PROBLEM TO WORK ON ▸ Leave out every picture, and restate word for word only the lines from the one containing "Charter Club Intimates" through the end of the material.

THE DATA ▸
──────────────────────────────
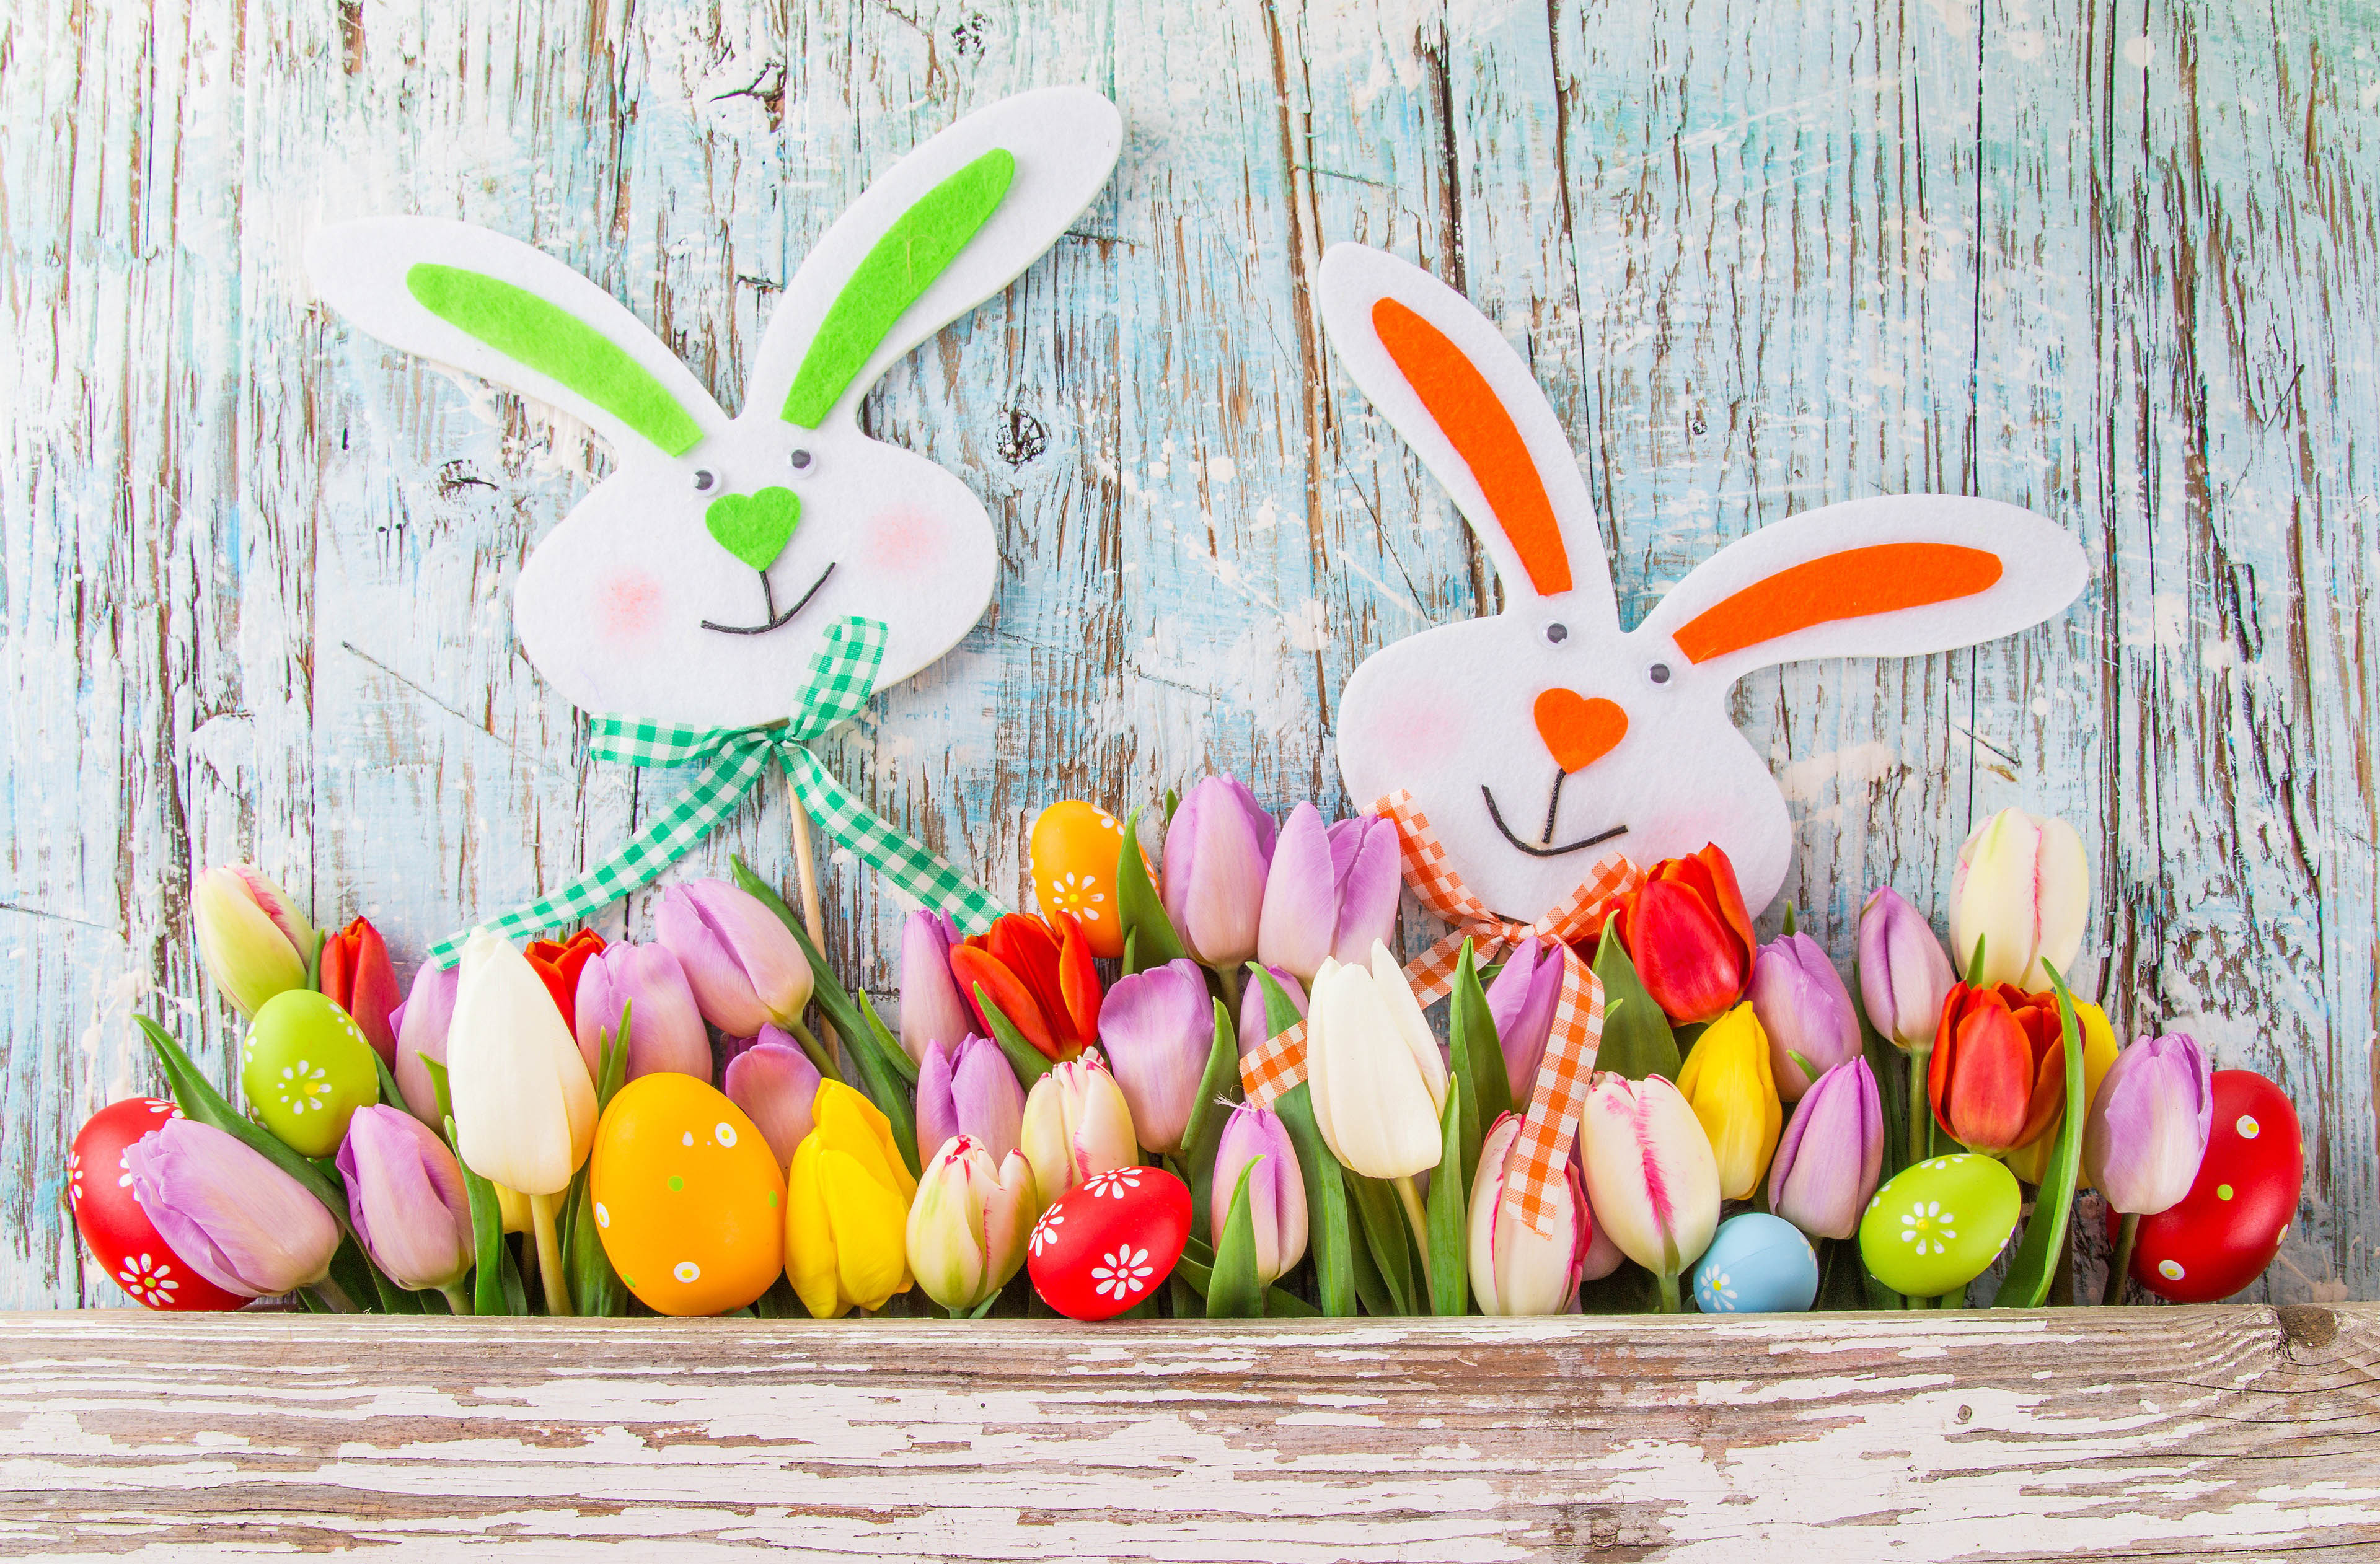 Фото бесплатно зайцы, цветные яйца, тюльпаны
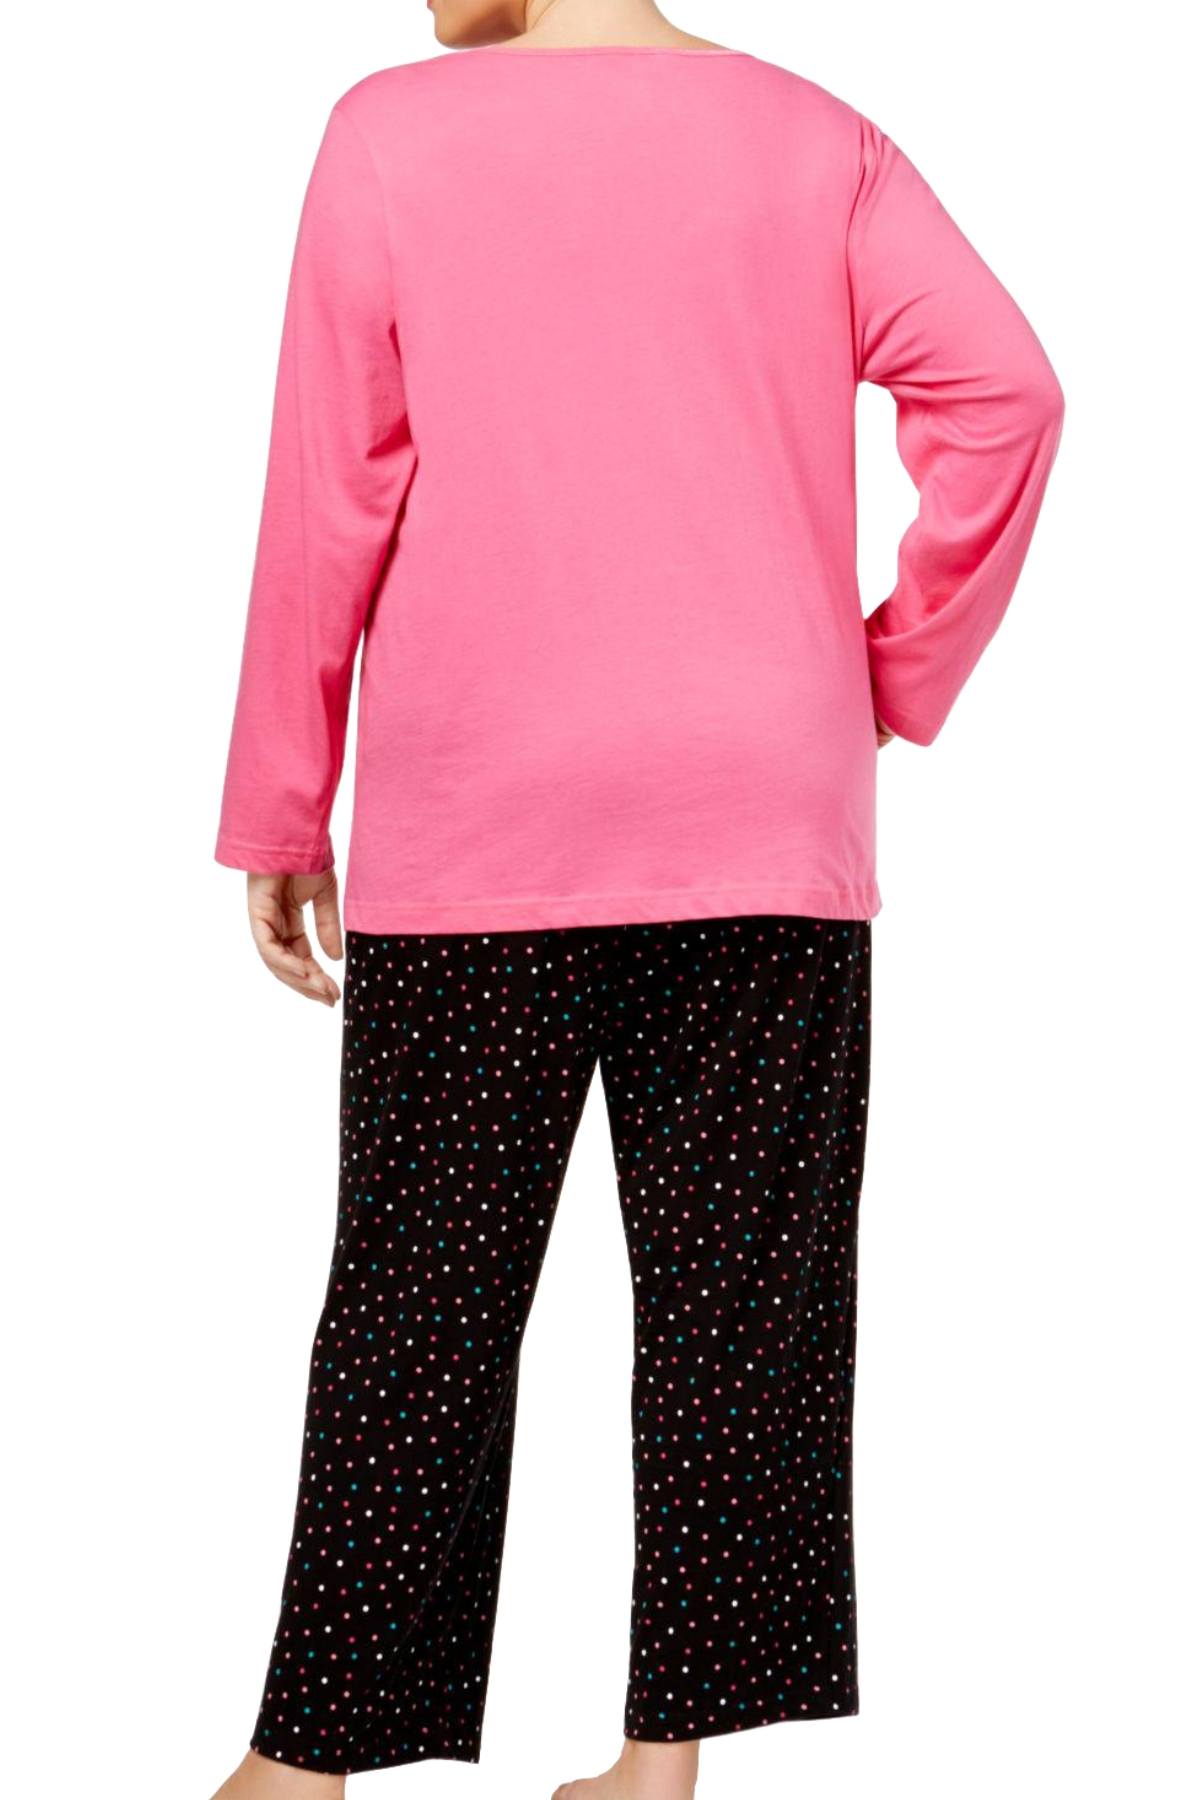 Charter Club Intimates Pink/Black Multi-Dots Top & Printed Pant Pajama Set
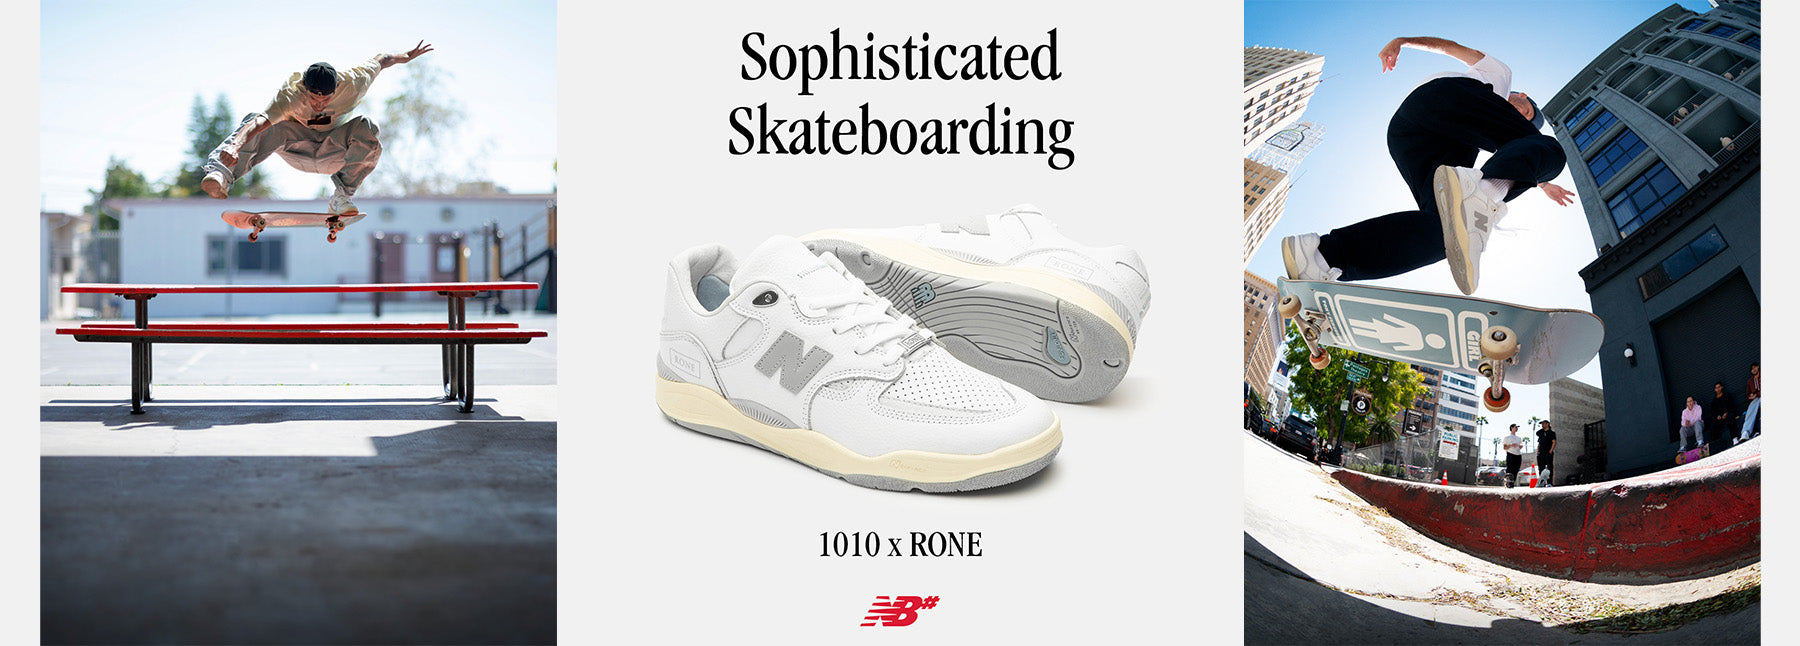 Skateshop - Skateboards, Skate Clothing And
──────────────────────────────
ANSWER AREA ▸
 Charter Club Intimates Pink/Black Multi-Dots Top & Printed Pant Pajama Set
 Skateshop - Skateboards, Skate Clothing And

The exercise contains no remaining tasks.